Day 50

Day 50 - June 20, 2026: Paying the Security Cost Once

A Day 50 reflection on neibaur-labs governance audits, reusable docs templates, node-template CI hardening, and translating agent-security coursework into low-cost repository guardrails.

Day 50 was a template-hardening day.

Not in the satisfying sense where a user-facing feature appears at the end. This was the quieter kind of work: governance, security, documentation, CI, and agent-readiness. It was about taking the lessons from recent Google / Kaggle agentic AI coursework and asking which of them should become reusable organization-level defaults instead of one-off notes.

That framing mattered because the temptation with AI-security material is to either overreact or underreact. The enterprise version of the problem can get large fast: policy servers, complex agent identity models, centralized authorization layers, dedicated evaluation infrastructure, and heavyweight deployment gates.

Some of that is valuable in the right environment. Most of it does not fit my actual operating model right now.

My setup is smaller and more practical: solo maintainer, GitHub-native, static/template-first, CI as the trust boundary, human approval for protected paths, and agents as scoped assistants rather than autonomous operators. The right move was not to chase every enterprise control.
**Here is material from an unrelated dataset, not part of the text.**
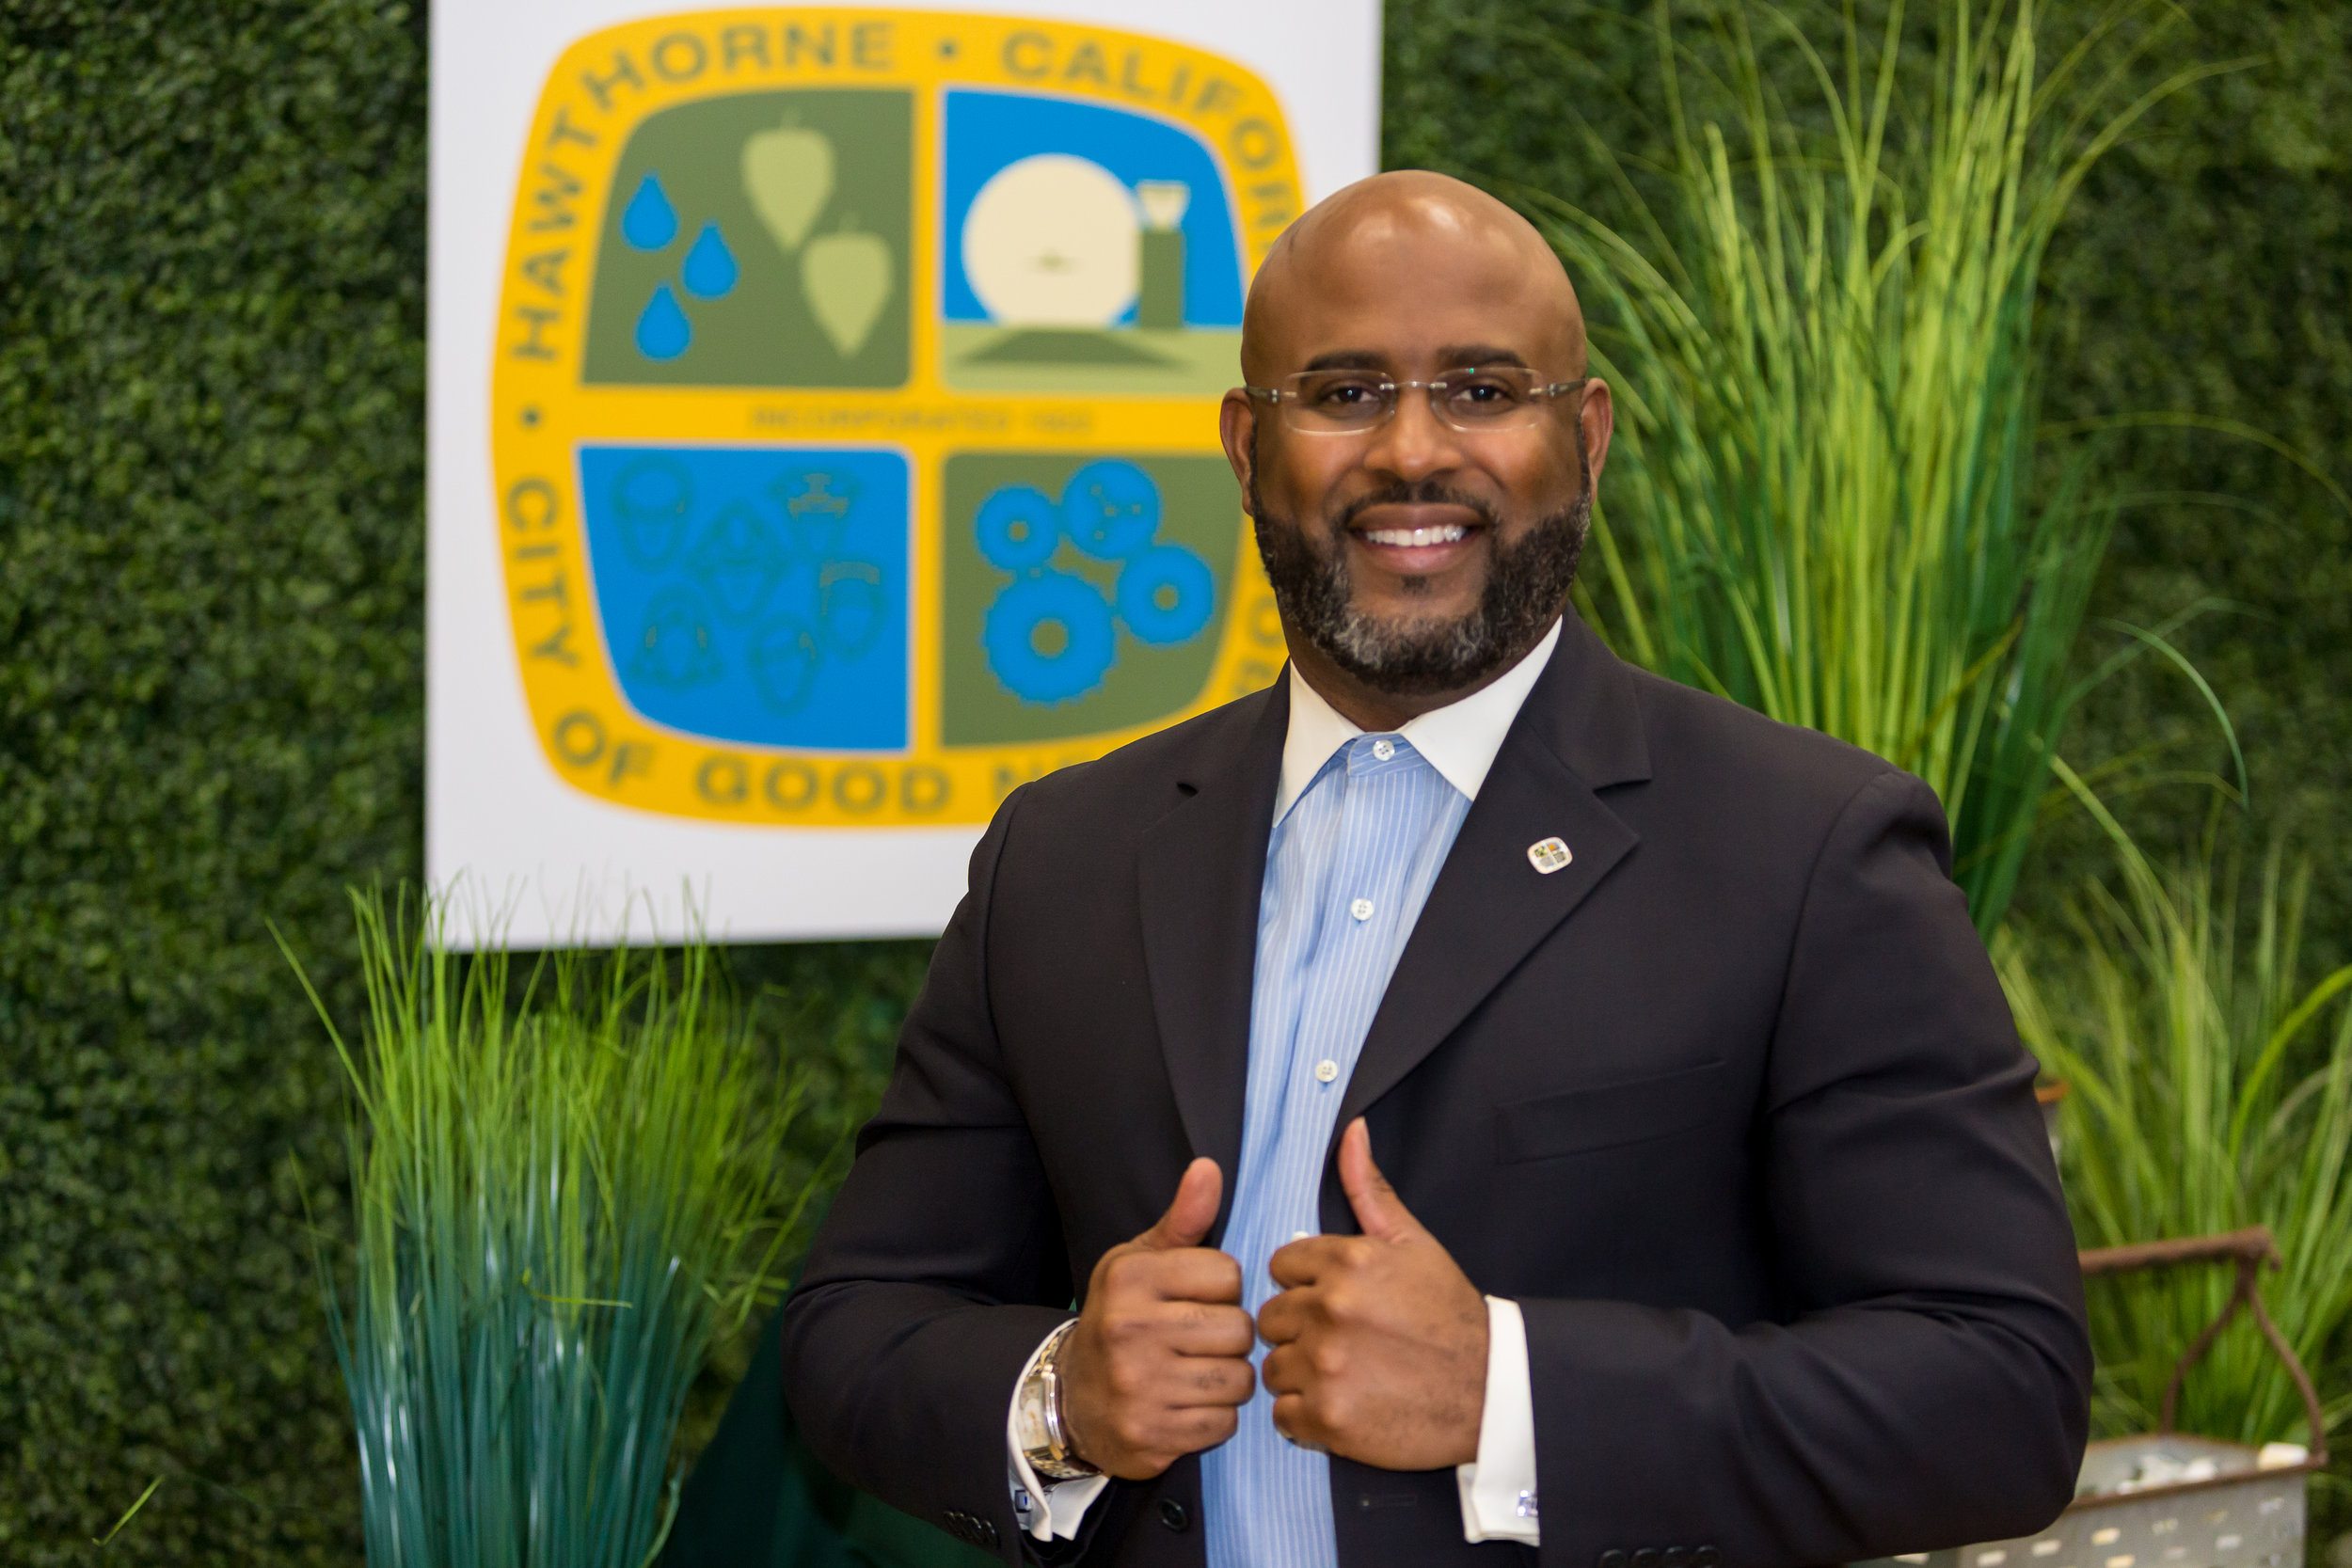 City Treasurer L. David Patterson

It was to translate the useful parts into low-cost defaults that future repositories can inherit.

That is the security cost I want to pay once.

Three-Repo Governance Audit

The day started with a governance audit across the neibaur-labs template and governance ecosystem:

neibaur-labs/.github
neibaur-labs/project-template-node
neibaur-labs/org-governance

The goal was to compare the committed files against the governance model I have been building: read, draft, and act separation; human-only protected paths; consistent CI; dependency handling; security scanning; and reusable template structure.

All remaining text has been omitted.